[Data excerpts]
^^^^
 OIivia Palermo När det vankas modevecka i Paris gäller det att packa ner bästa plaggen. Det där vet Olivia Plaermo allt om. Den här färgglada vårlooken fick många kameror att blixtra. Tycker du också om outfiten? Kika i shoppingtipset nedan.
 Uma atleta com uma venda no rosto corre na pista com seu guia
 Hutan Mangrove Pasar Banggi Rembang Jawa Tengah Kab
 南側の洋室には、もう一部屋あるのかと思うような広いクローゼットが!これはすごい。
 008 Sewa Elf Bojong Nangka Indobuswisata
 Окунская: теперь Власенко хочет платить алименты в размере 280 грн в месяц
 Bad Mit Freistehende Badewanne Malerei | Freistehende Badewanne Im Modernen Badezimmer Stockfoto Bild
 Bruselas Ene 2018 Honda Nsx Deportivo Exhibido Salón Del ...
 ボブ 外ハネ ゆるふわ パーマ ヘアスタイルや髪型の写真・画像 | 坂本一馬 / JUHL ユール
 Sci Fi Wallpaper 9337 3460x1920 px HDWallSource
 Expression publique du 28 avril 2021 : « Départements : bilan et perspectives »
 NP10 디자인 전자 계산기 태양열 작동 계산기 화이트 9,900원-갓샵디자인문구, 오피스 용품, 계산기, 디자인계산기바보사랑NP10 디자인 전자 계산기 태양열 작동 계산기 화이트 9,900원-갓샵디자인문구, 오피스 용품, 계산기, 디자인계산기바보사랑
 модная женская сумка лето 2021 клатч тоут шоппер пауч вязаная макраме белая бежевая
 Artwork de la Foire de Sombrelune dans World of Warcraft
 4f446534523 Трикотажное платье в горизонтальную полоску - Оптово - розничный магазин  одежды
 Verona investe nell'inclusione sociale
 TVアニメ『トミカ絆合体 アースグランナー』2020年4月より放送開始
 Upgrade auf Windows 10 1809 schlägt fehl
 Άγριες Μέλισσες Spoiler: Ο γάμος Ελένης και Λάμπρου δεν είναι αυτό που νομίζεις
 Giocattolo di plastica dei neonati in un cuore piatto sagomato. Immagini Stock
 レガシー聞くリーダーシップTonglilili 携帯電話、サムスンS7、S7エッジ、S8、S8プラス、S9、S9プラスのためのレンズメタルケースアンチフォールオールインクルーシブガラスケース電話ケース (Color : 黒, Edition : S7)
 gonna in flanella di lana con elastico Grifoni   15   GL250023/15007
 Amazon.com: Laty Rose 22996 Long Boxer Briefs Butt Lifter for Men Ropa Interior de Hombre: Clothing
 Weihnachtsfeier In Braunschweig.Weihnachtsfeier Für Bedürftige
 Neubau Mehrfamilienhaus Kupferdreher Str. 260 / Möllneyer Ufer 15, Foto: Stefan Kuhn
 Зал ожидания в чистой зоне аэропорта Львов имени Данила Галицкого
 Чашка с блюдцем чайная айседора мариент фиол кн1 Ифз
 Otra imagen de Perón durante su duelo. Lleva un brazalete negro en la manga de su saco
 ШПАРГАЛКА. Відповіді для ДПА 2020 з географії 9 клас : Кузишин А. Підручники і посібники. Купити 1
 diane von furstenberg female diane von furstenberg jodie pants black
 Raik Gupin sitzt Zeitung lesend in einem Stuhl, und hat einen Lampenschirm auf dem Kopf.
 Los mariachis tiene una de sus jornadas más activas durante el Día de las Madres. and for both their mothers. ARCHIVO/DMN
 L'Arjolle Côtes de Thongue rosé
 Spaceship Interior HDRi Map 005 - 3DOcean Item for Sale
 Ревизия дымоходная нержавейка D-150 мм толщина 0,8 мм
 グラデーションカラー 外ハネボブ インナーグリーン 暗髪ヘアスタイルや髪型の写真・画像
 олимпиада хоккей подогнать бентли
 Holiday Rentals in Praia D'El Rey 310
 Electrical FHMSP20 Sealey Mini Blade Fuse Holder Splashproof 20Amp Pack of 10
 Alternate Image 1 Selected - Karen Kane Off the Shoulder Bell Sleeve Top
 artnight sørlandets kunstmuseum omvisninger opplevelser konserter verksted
^^^^
## [What is required]
Find the lines above that contain the word "durante" and copy each one.

## [Task response]
 Otra imagen de Perón durante su duelo. Lleva un brazalete negro en la manga de su saco
 Los mariachis tiene una de sus jornadas más activas durante el Día de las Madres. and for both their mothers. ARCHIVO/DMN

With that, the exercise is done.